How I Vibe-Coded My Own E-Reader With GitHub Spark

13 Sep

T-minus 4 weeks to the public launch of my book Marketing Plan for Tech Startups!

As you can imagine, I’m in the middle of final edits, layout decisions, and preparing content for every format readers might want.

There will be a paperback. There will be a digital edition on Kindle.

But of course, that wasn’t enough for me. I also wanted my own e-reader. One that actually had the features I always wished an e-reader offered.

So I vibe-coded one with GitHub Spark.

Inspired by Priyanka Vergadia’s demo showing how she built a full-stack app in minutes with GitHub Spark, I gave it a try.
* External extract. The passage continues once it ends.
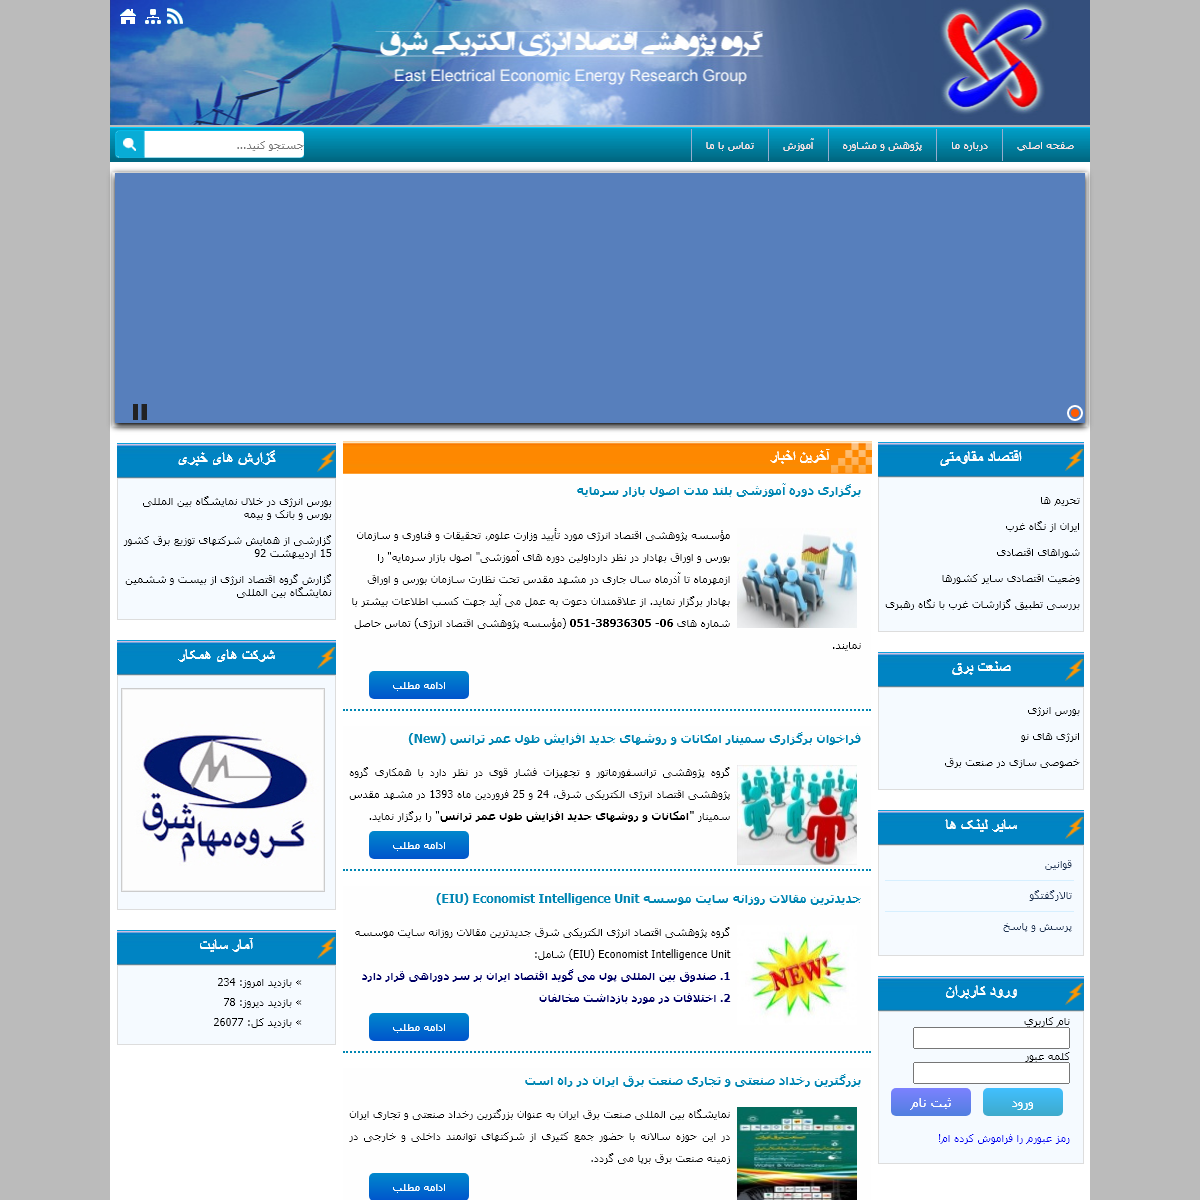 صفحه اصلی-گروه پژوهشی اقتصاد انرژی الکتریکی شرق

Spark is GitHub’s new AI-powered app builder that runs entirely in your browser. No setup. No config. No need to remember Java classpath from my mobile and web app developer days. 😉

Just describe what you want, and Spark builds it end-to-end: front-end, database, authentication, etc. As always, Priyanka did an awesome job walking her YouTube channel viewers through all the steps of using GitHub Spark to go from zero-to-app, so I thought: why not?
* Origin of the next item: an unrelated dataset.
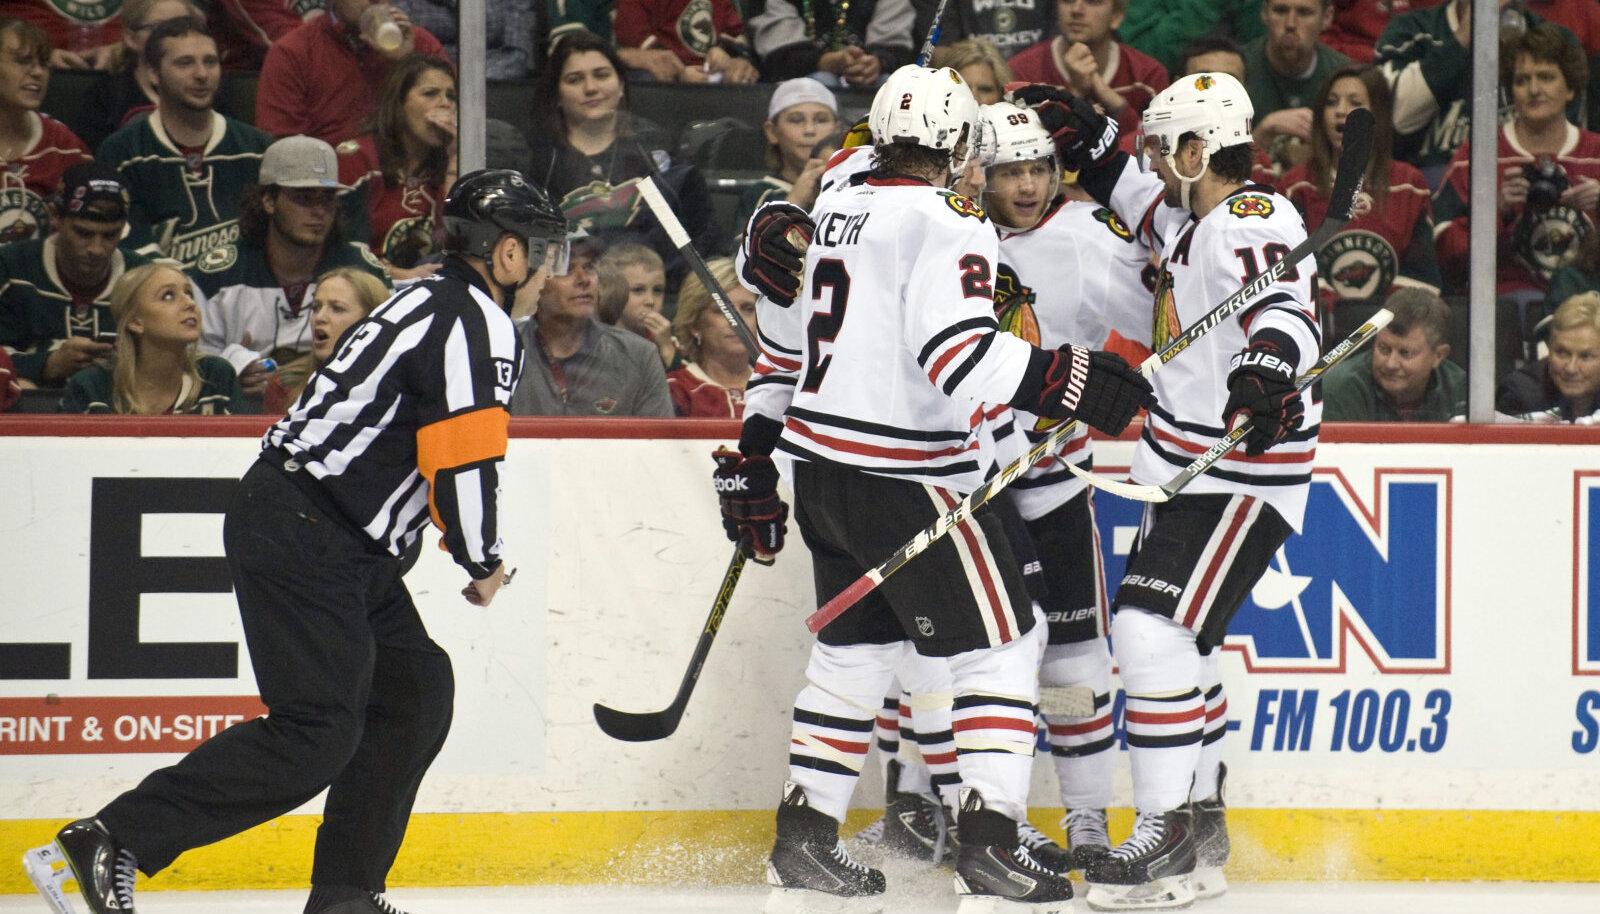 Chicago mehed tähistamas Kane'i väravat.

The PRD aka my wish list for a book reader

I mostly wanted three things:

  1. A two-page view so if you read on a big screen it feels like an actual book in front of you.
  2. A search function so you can instantly jump to “positioning,” “pricing,” or “Anthropic case study.”
  3. Bookmarks and notes, so readers can mark sections and write down thoughts as they read (my paperback margins are always full of notes and post-its 😉)

Three features I dreamed up, let’s see what I got.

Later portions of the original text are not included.